Ions Dissolving and Dissociating in Aqueous Solution

Introduction

When a chemical dissolves, its molecules or formula units (depending on the chemical) separate from each other and immerse themself in the chemical which dissolved them. In aqueous solutions, that chemical is water. Some chemicals also dissociate--they are broken into their component ions, if there are any. In this article we will explore dissociativity in relation to a chemical's electrolytic qualities, and show how this relates to other key properties of chemicals.

What is an Electrolyte?

An electrolyte is a substance that, once dissolved, is able to perform electrical work. Place two wires connected to a lightbulb on both ends into your solution. The brightness of the lightbulb gives you the strength of the electrolyte. However, there is a more theoretical way to classify chemicals based on their electrolytic quality. An electrolyte can perform electrical work because the chemical dissociates into ions--some of these are anions which have excess electrons. The anions will attempt to get rid of said electrons to revert to a neutral charge as long as they are not in close proximity to cations (in which case the cations and anions will form the original chemical). These free electrons travel through the wire and power the lightbulb. Chemicals that do not have this ability are called nonelectrolytes. When nonelectrolytes are dissolved in water, the molecules remain intact, seemingly impervious to attractive forces with different ends of the water molecule.

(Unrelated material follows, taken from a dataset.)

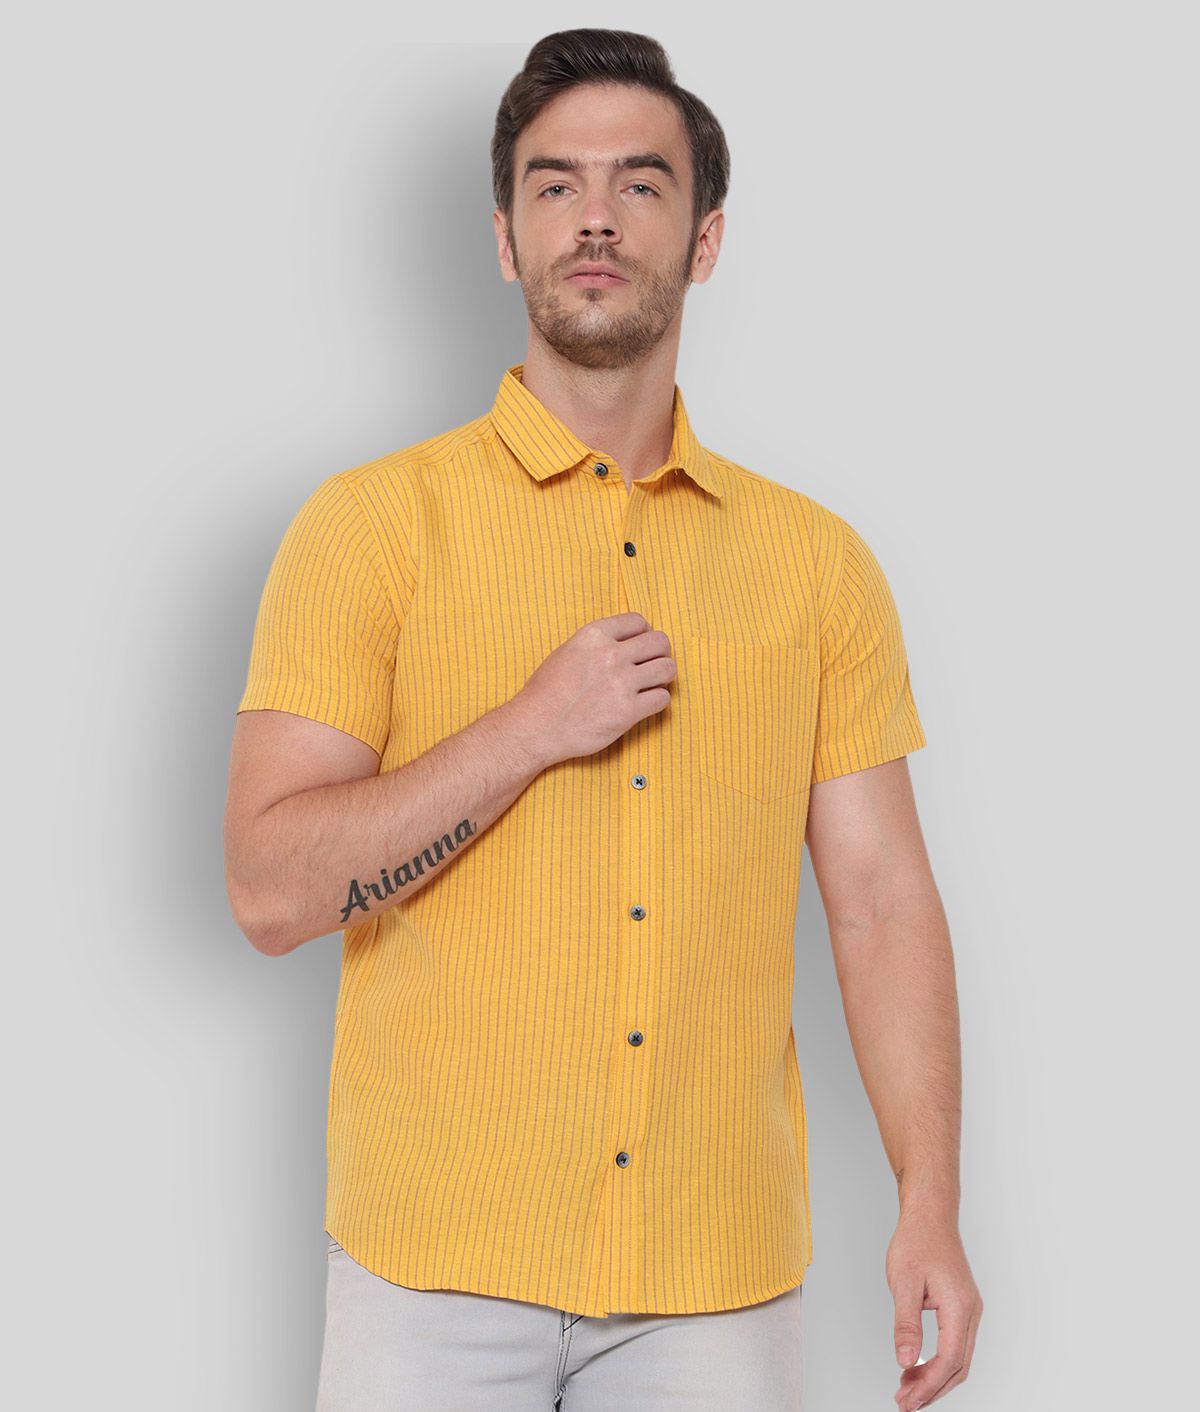     			Latest Chikan - Yellow Cotton Blend Regular Fit Men's Casual Shirt (Pack of 1)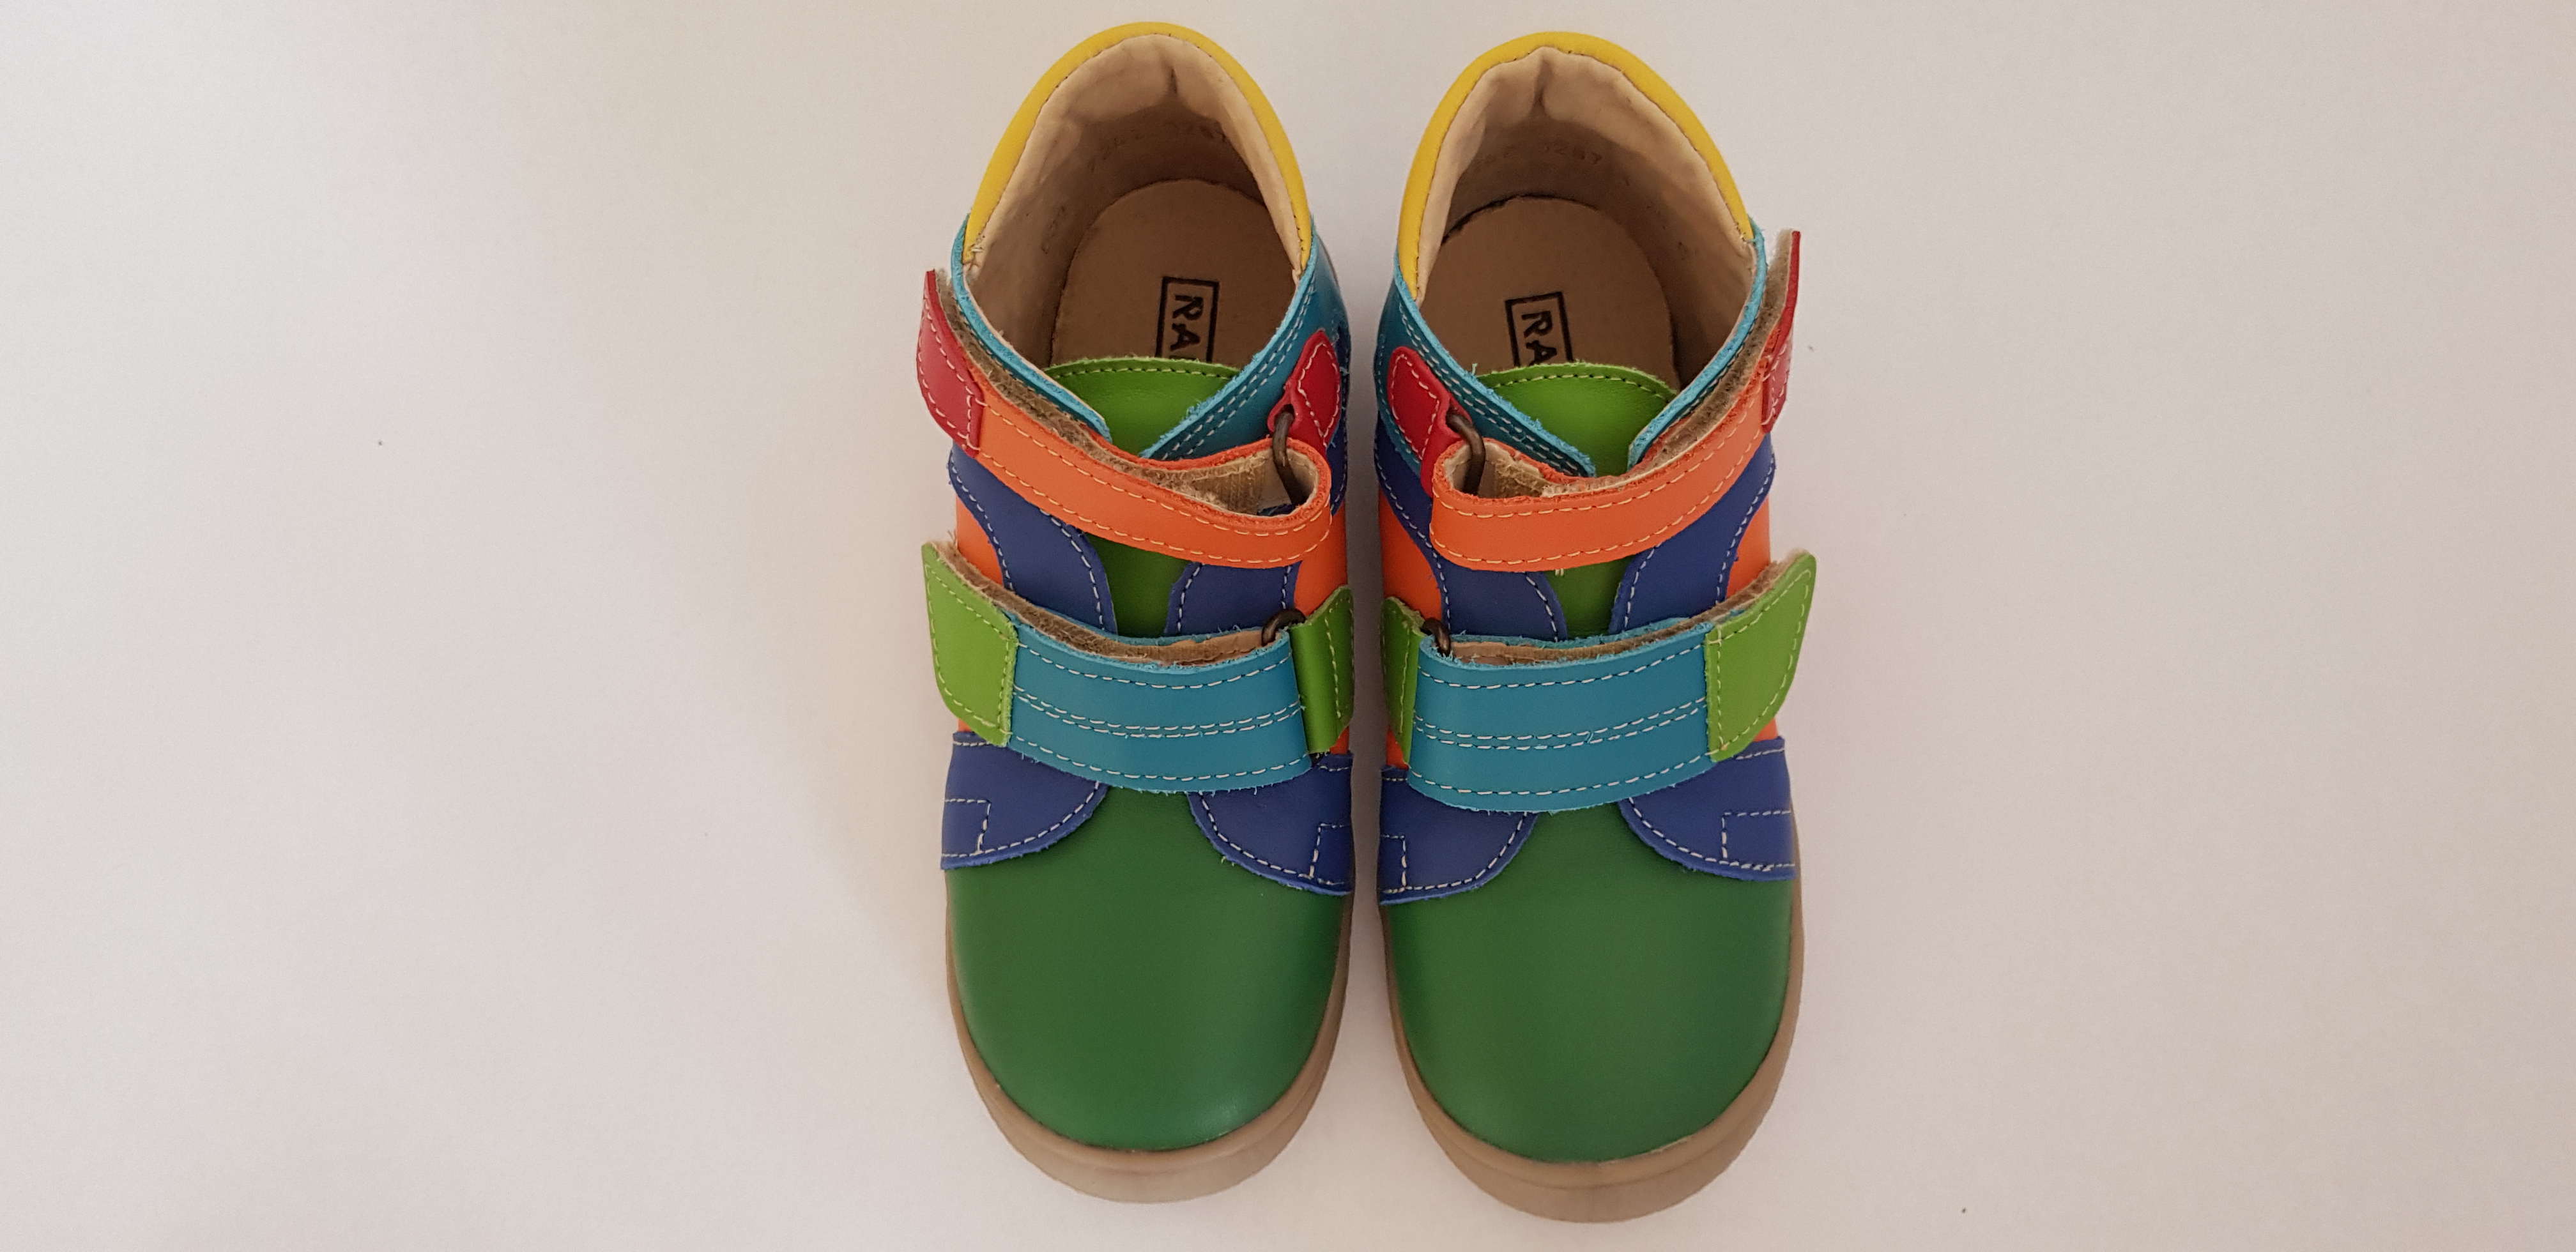 Colourful, Rainbow Handmade High-quality Leather Children Shoes with hook-and-loop fasteners and round toebox viewed from top

Strong Electrolyte vs. Weak Electrolyte

There are actually two different types of electrolytes. A strong electrolyte completely dissociates into its component ions, leaving none of the original solute. Weak electrolytes, however, only partially dissociate into component ions--some molecules of the original chemical will still float around in the solution. Note that all ionic compounds are strong electrolytes. Molecular, or colvantly-bonded compounds, are almost all either weak electrolytes or nonelectrolytes, except for acids, which are also strong electrolytes. There is no "magic" rule for differentiating between weak electrolytes and nonelectrolytes. 

Example 1: Is \(Cr(OH)_3\) a strong electrolyte, a weak electrolyte, or a nonelectrolyte? If it is an electrolyte, write out the ions it dissociates into.

Solution: Note that Chromium (III) hydroxide is an ionic compound, so it completely dissociates into ions in aqueous solution and is thus a strong electrolyte. The ions formed are the cation and anion that comprise this compound; those are \(Cr^{3+}\) cations and \(OH^{-}\) anions, respectively.

The Intermolecular Forces Explanation of Electrolytes

The idea of why some compounds dissociate in water more easily than others can be explained using the concepts of intermolecular forces. Note that intermolecular forces are sometimes taught well after aqueous solutions are introduced, so you, as the student or teacher, may opt to skip this section for now.

Here is a copy of the Lewis Structure for water, the solvent in all solutions being covered here:

Now, oxygen has a greater electronegativity than hydrogen, which means that in a hydrogen-oxygen bond, the electrons shared between the two atoms are more attracted to the oxygen. Thus the oxygen acquires a slight, partial negative charge (less than the charge of an electron) and the hydrogen acquires a slight partial positive charge. Thus the hydrogen end of the molecule will be more attracted to anions, and the oxygen end of the molecule will be more attracted to cations. Thus you can see why ionic compounds tend to be "ripped apart" in water. The attractive forces between the hydrogen atoms and the ionic compound's anion alongside the attractive forces between the oxygen atoms and the ionic compound's cation exceed the strength of the attractive force that holds the ionic compound together. In nonelectrolytes, the forces holding the atoms of the original solute exceed the strength of any attractive forces between ends of the solute and ends of the water molecule. In weak electrolytes, all of the aforementioned attractive forces are more equal in strength. At this point, the decision as to whether an individual molecule gets ripped apart depends on its proximity to the water molecules.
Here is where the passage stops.